*** Supplied records
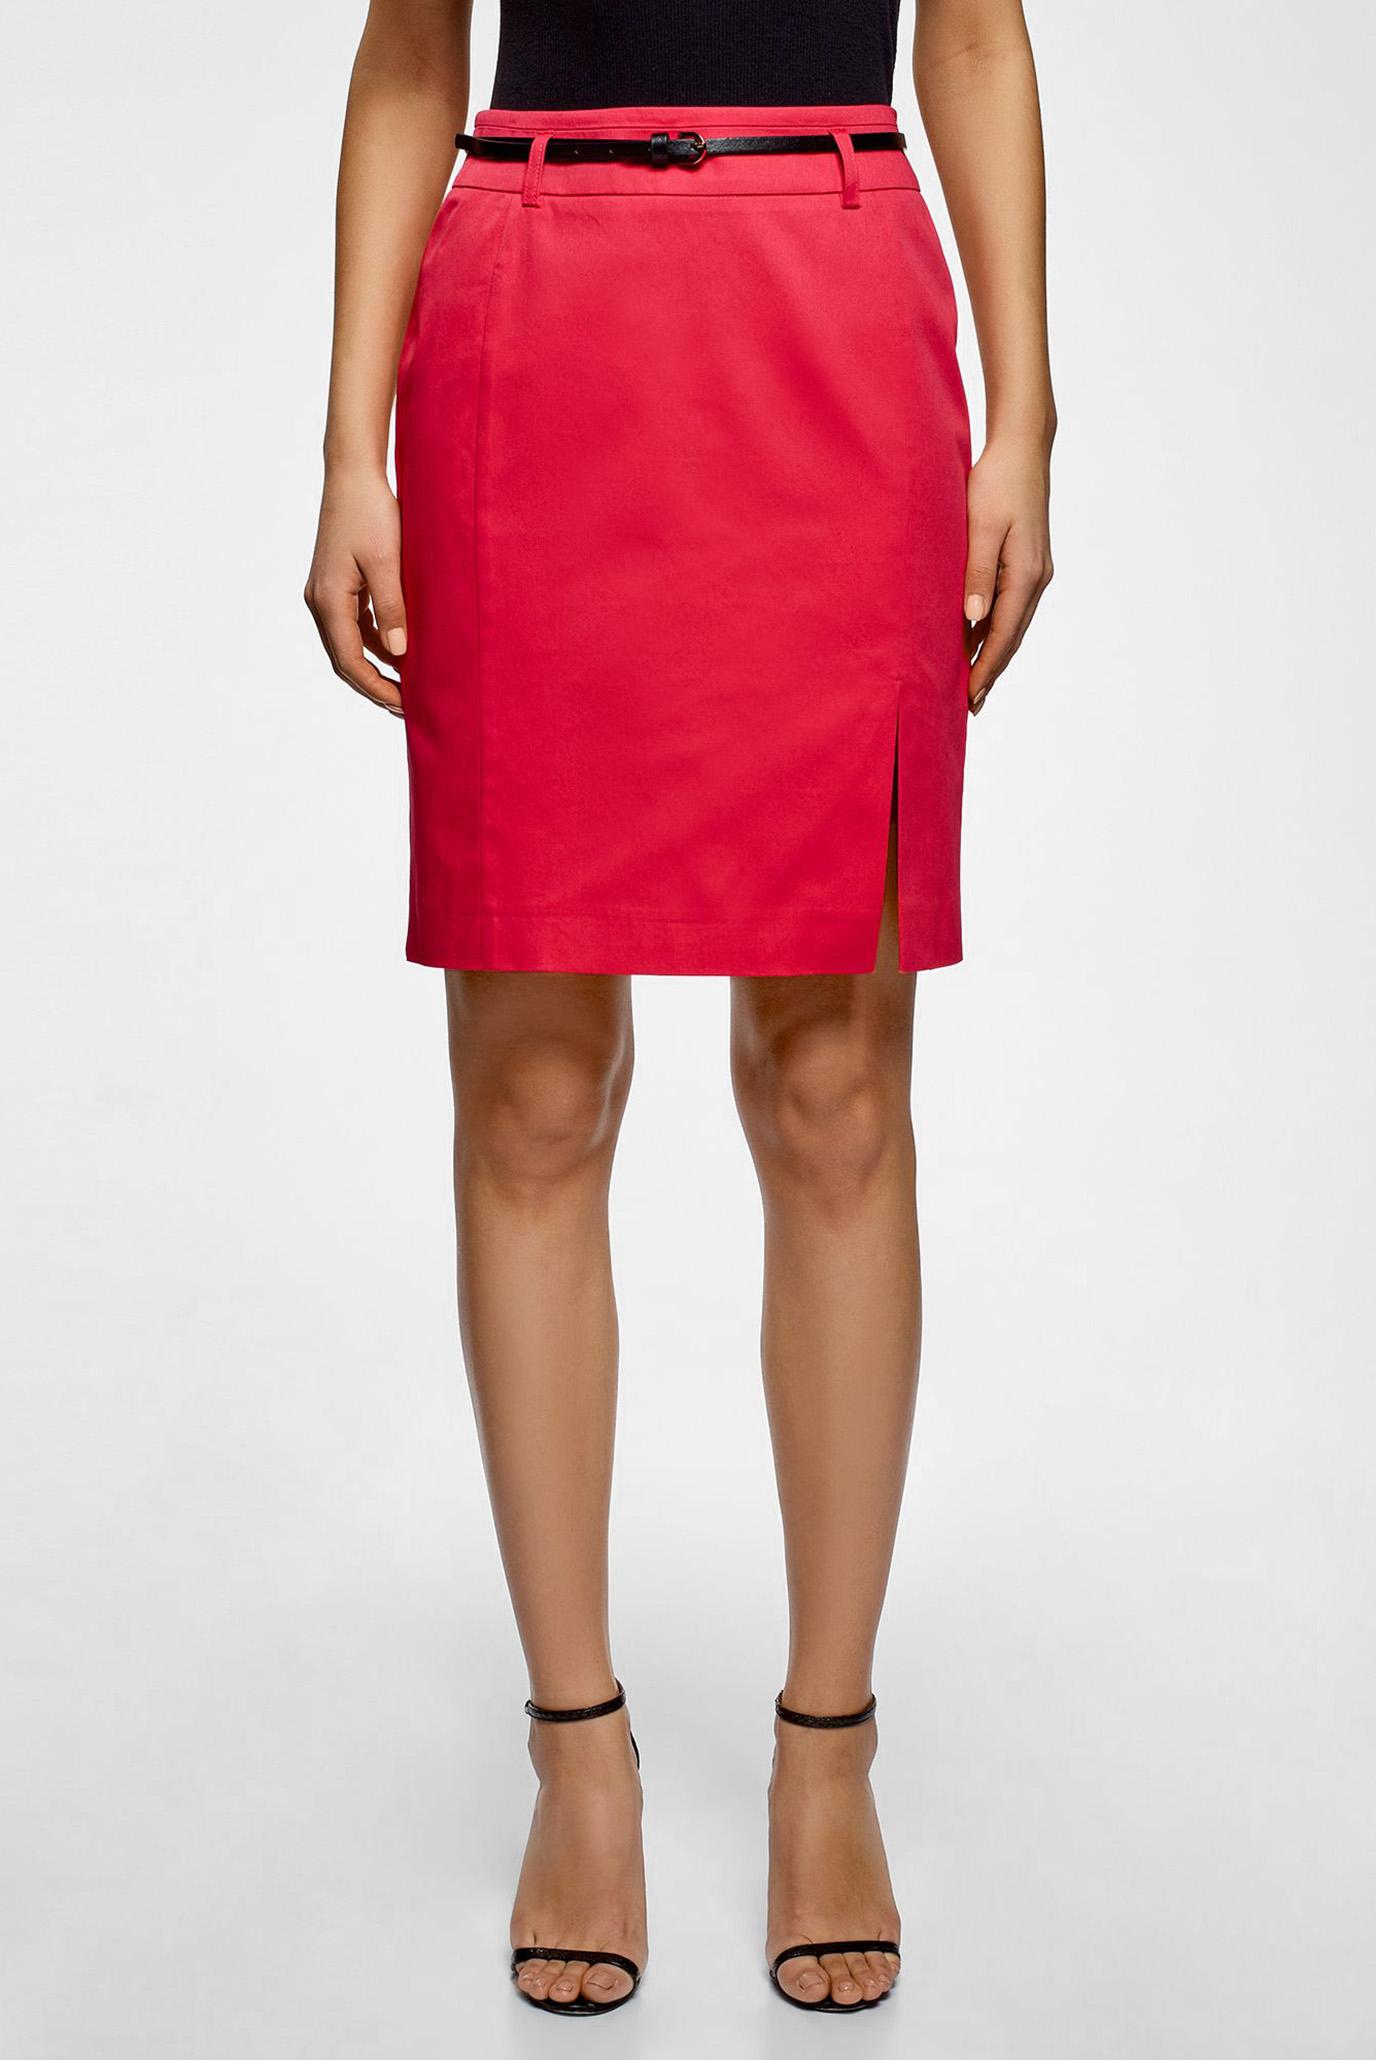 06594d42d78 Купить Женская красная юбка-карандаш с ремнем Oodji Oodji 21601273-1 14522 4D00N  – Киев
******
*** Supplied records
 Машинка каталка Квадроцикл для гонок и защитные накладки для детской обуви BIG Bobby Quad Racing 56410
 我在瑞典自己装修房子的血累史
******
*** Supplied records
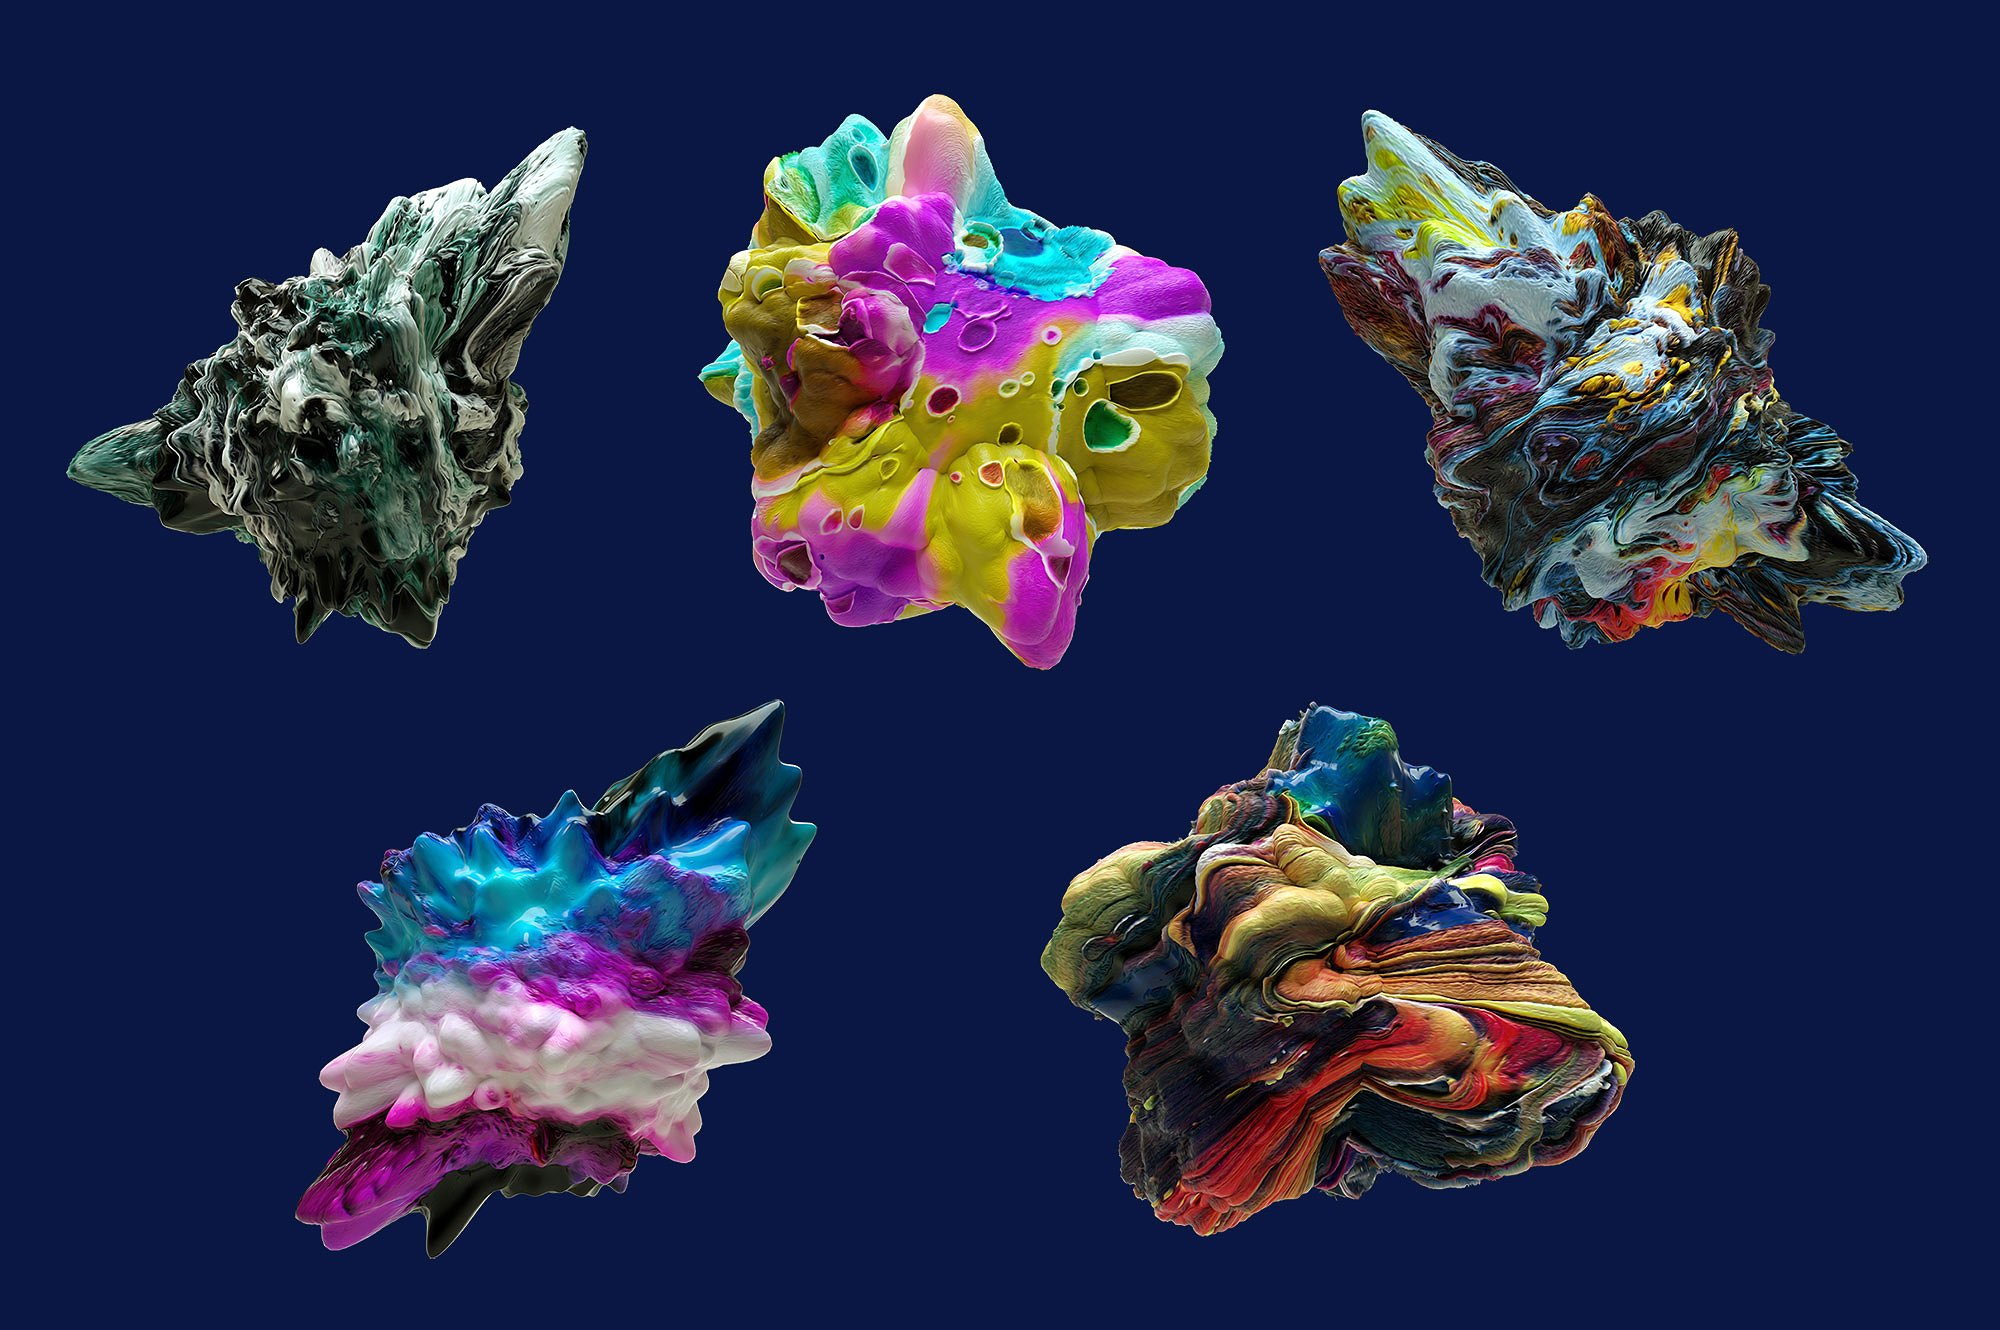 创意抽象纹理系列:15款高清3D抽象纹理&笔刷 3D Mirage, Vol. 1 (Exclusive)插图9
******
**What you should do:** Starting at the line that contains "Машинка каталка Квадроцикл" and stopping after the line that contains "我在瑞典自己装修房子的血累史", write out every line exactly as it appears above, and no other line.

**Output:**
 Машинка каталка Квадроцикл для гонок и защитные накладки для детской обуви BIG Bobby Quad Racing 56410
 我在瑞典自己装修房子的血累史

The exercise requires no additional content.